━━ Provided data

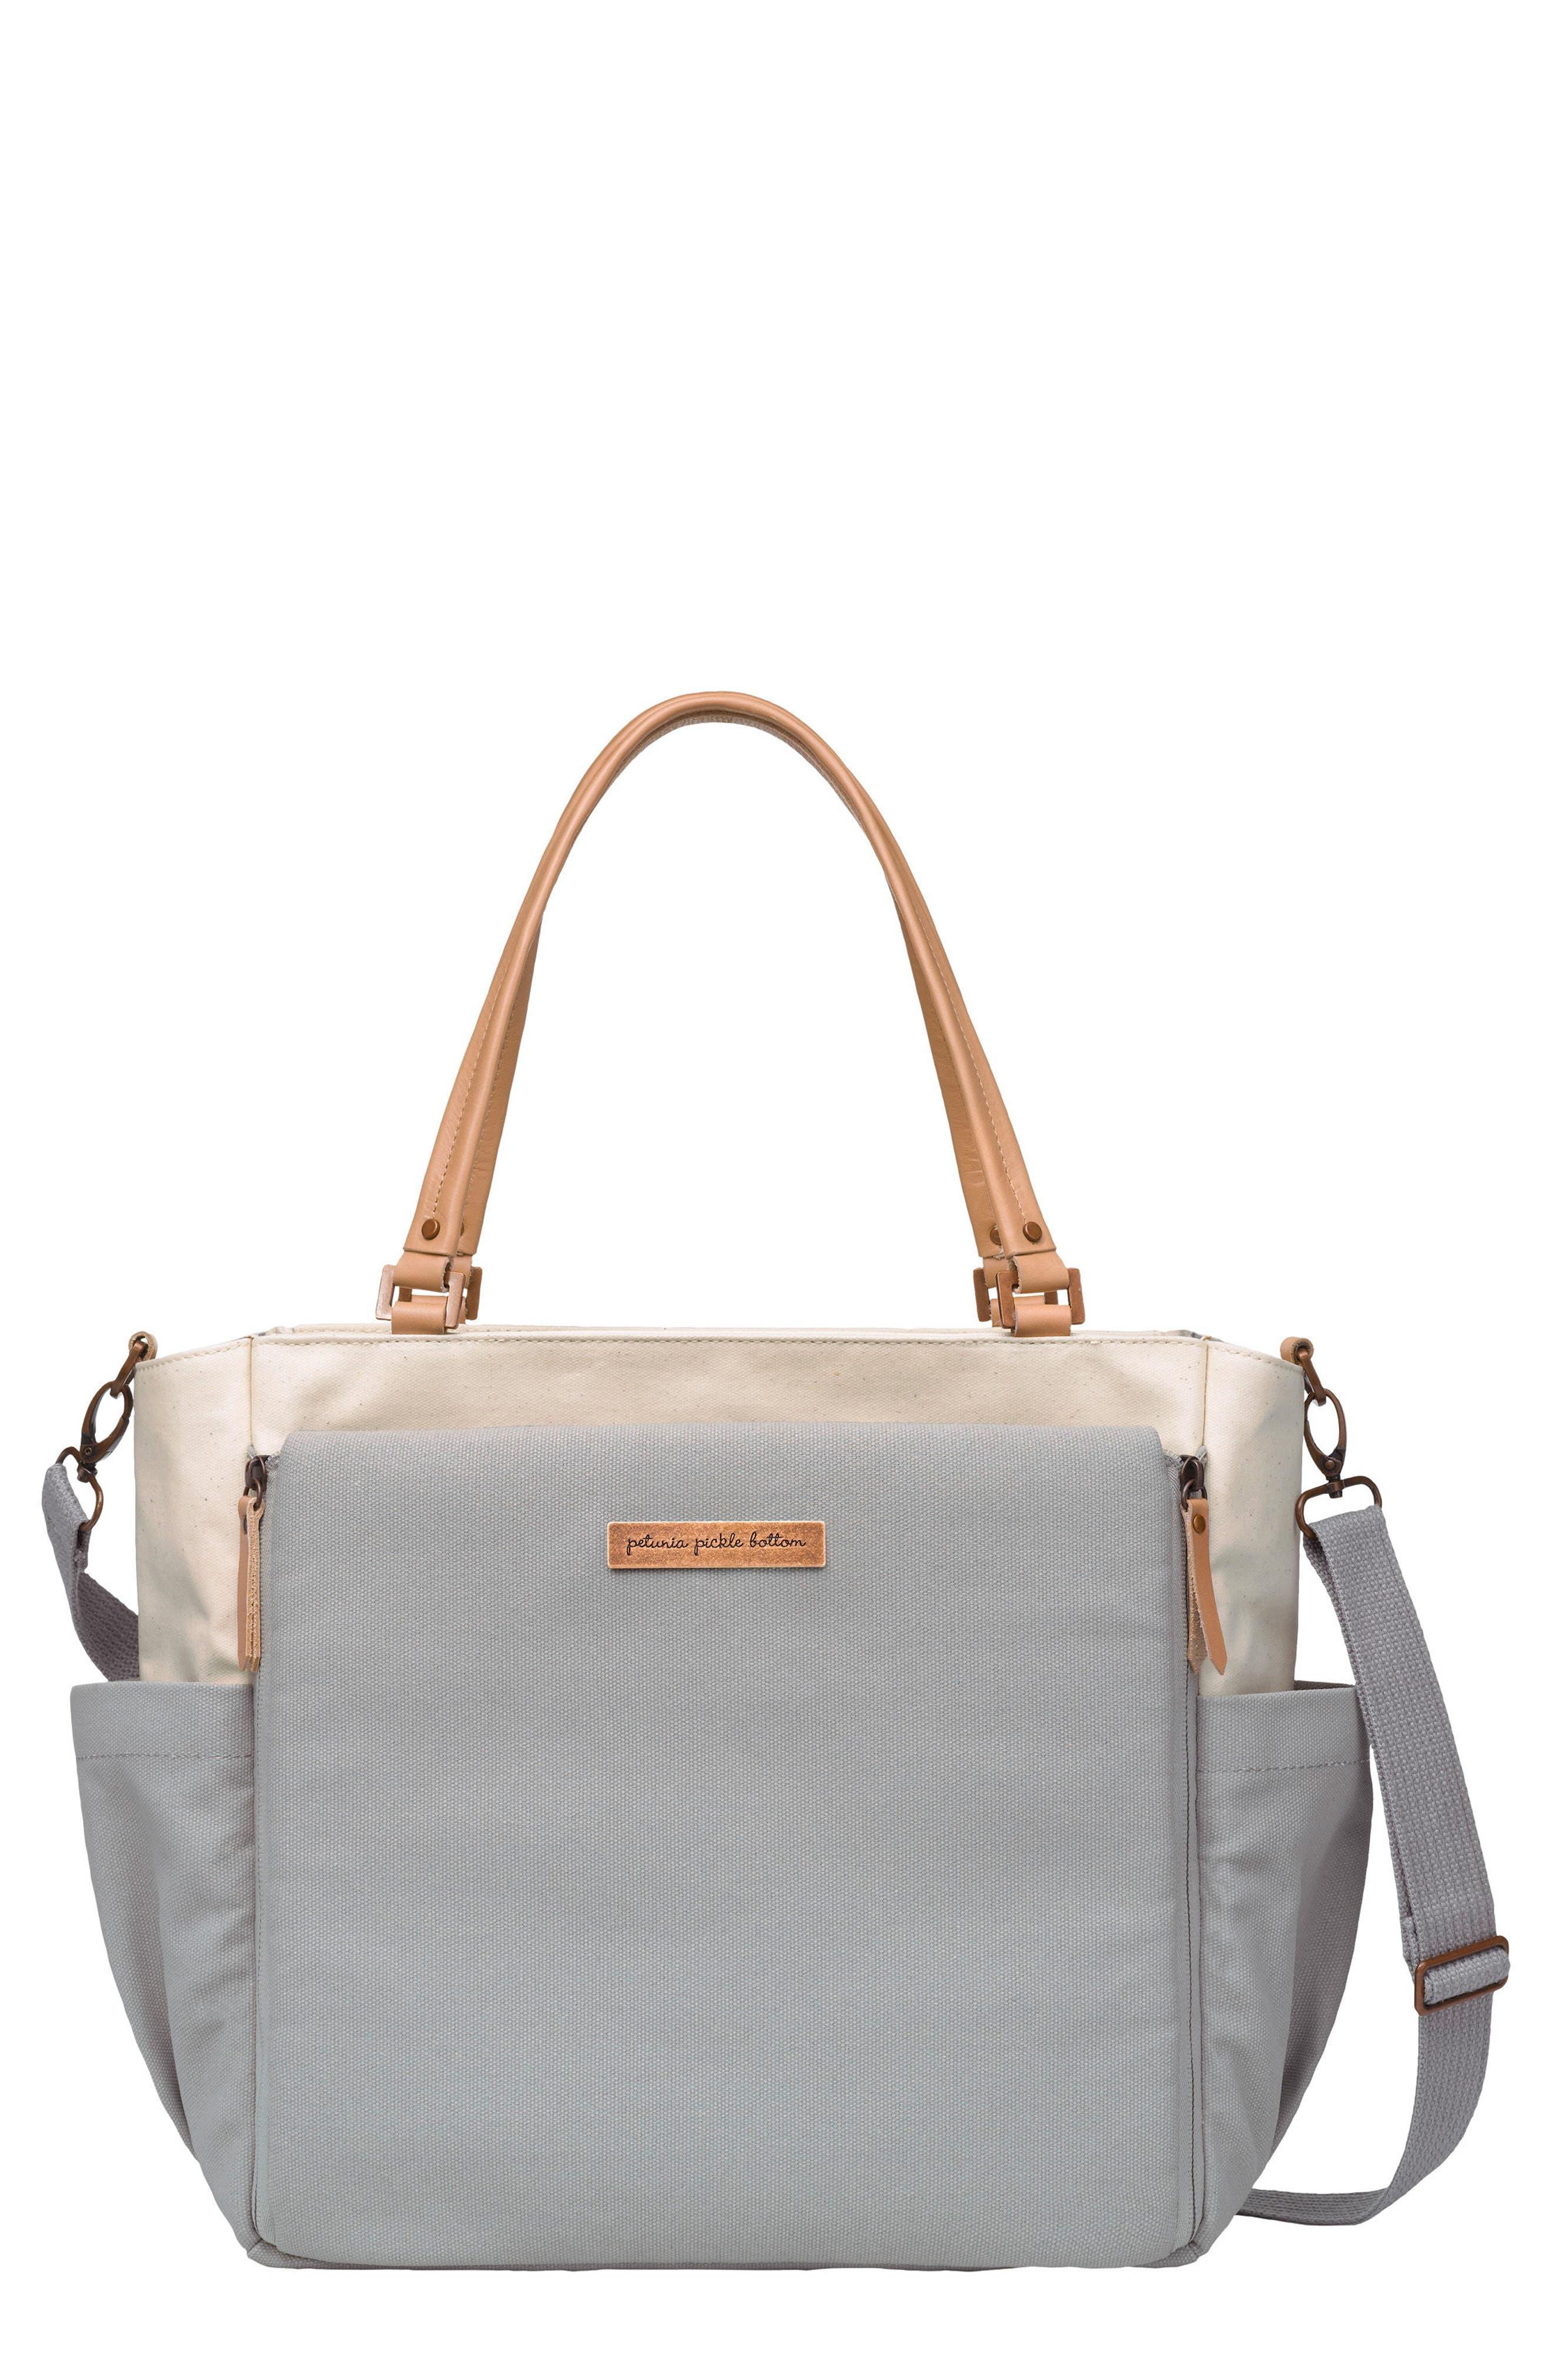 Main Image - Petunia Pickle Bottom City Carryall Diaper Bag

━━━━
━━ Provided data

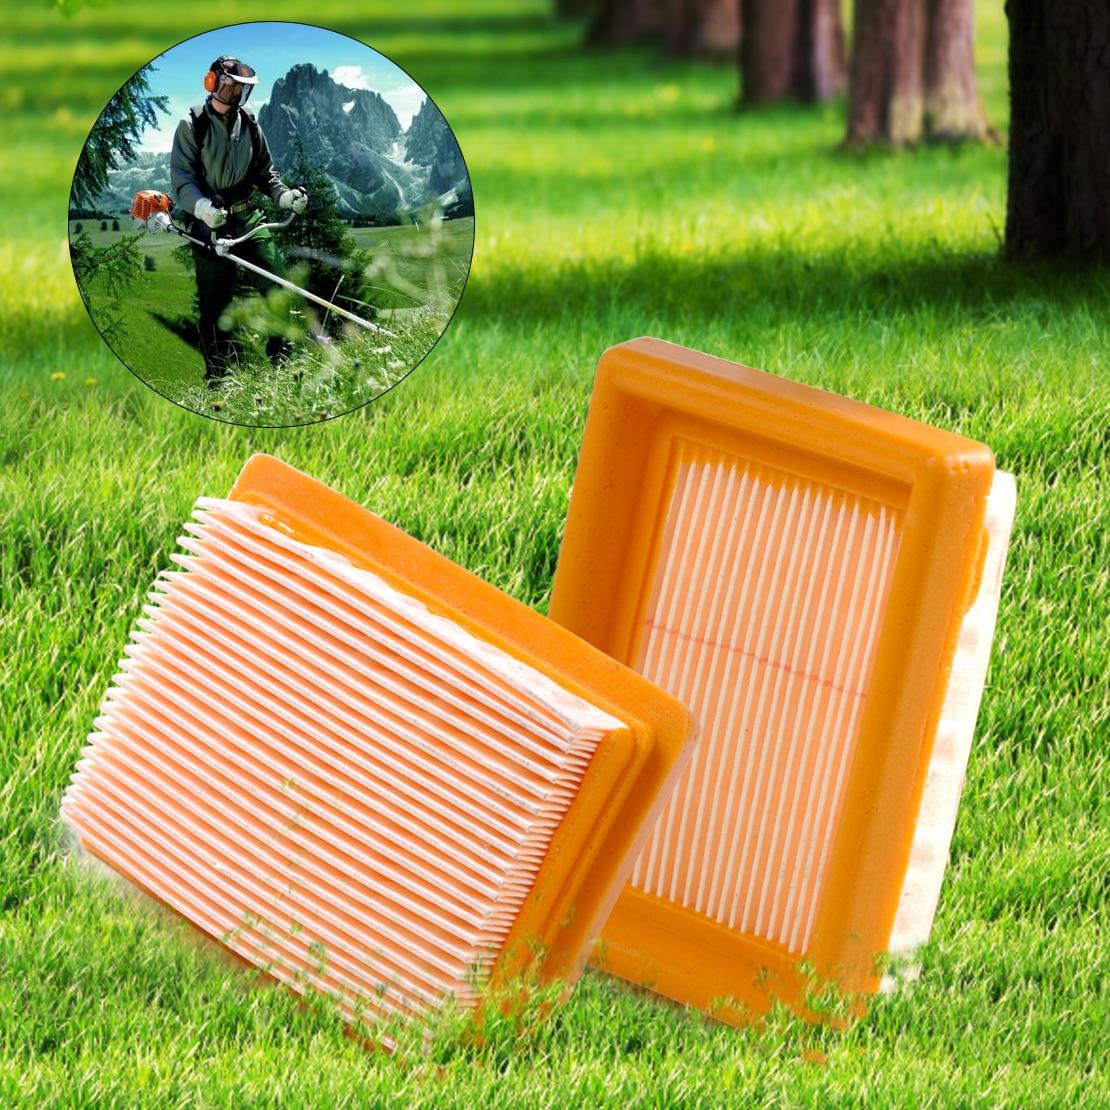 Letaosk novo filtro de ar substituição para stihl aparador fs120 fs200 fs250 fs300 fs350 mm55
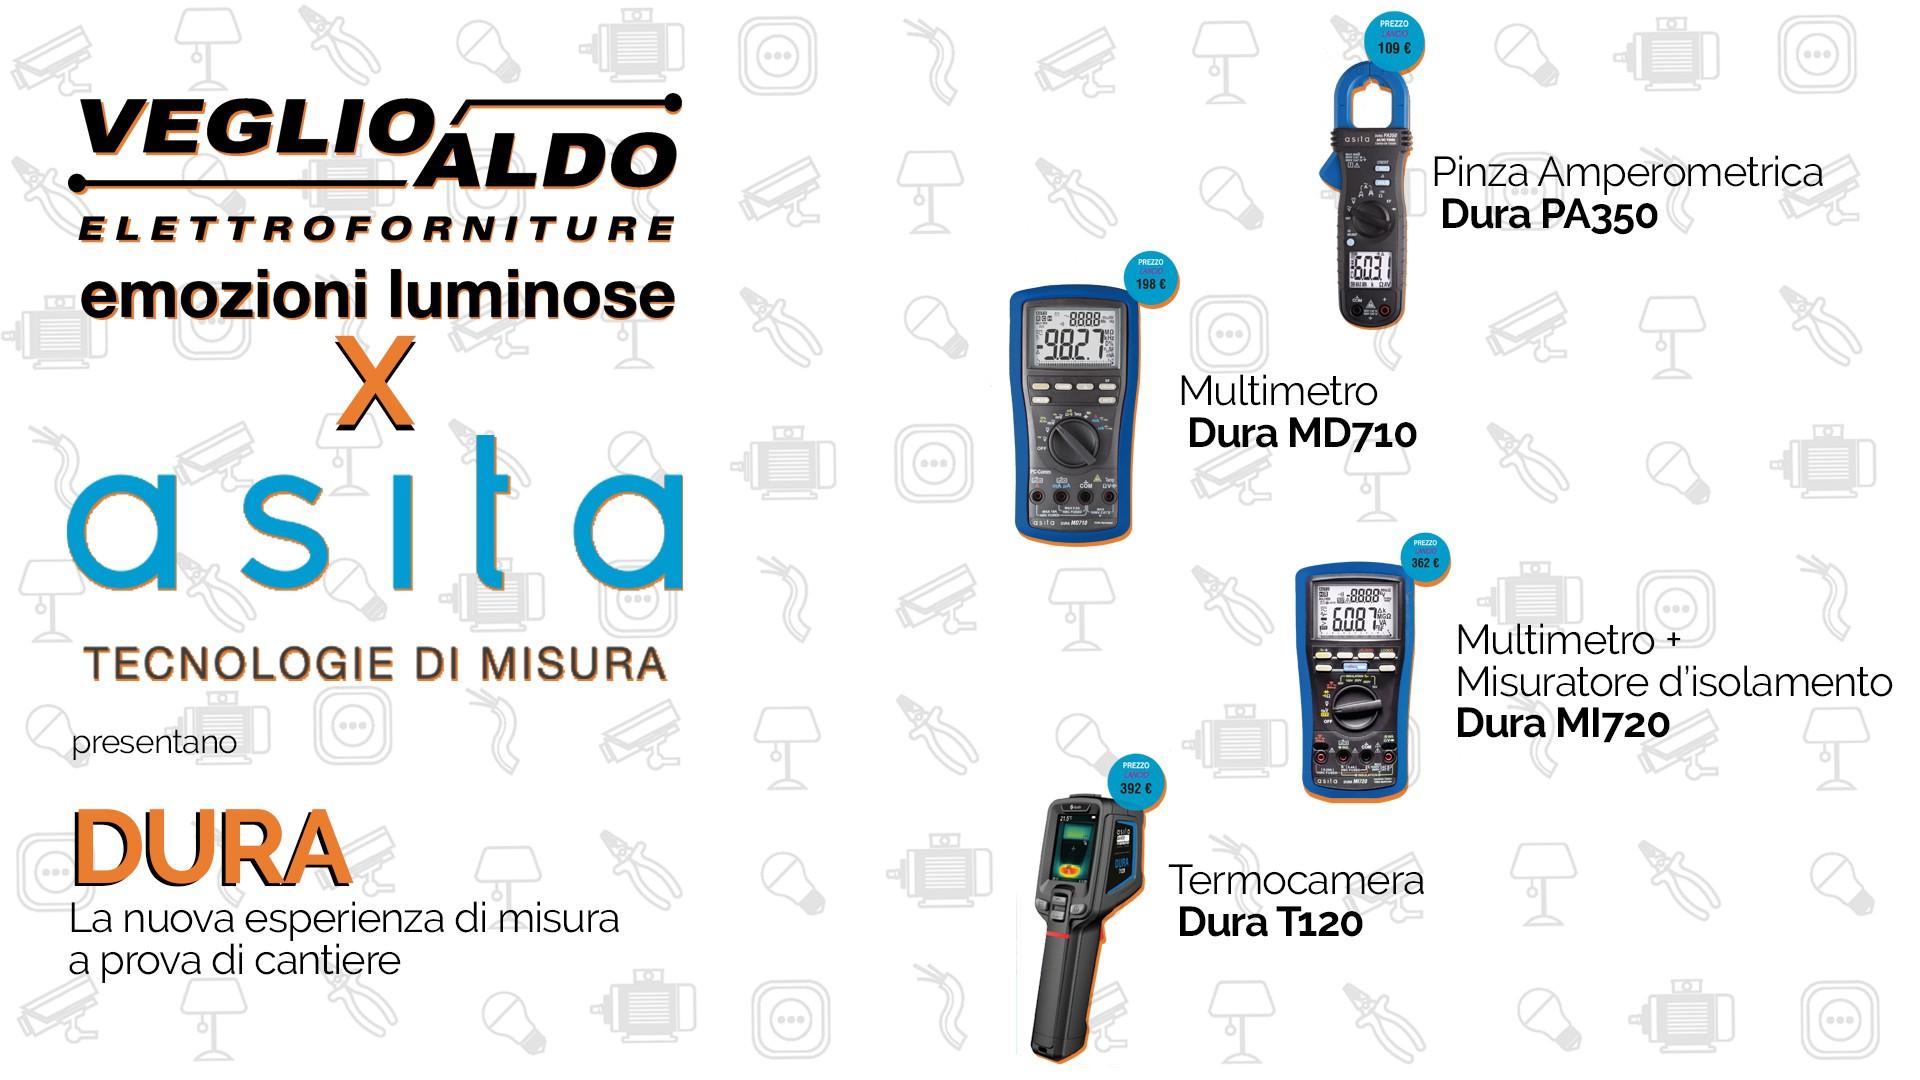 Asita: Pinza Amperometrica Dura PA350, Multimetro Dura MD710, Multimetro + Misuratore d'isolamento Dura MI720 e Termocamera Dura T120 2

━━━━
━━ Provided data

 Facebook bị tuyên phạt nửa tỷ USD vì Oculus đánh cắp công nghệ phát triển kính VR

━━━━

» **Activity**:
Please return the material above only from the line that holds "Letaosk novo filtro" through the line that holds "Asita: Pinza Amperometrica", exactly as it stands, ends included and pictures omitted.

» **Response box**:
 Letaosk novo filtro de ar substituição para stihl aparador fs120 fs200 fs250 fs300 fs350 mm55
 Asita: Pinza Amperometrica Dura PA350, Multimetro Dura MD710, Multimetro + Misuratore d'isolamento Dura MI720 e Termocamera Dura T120 2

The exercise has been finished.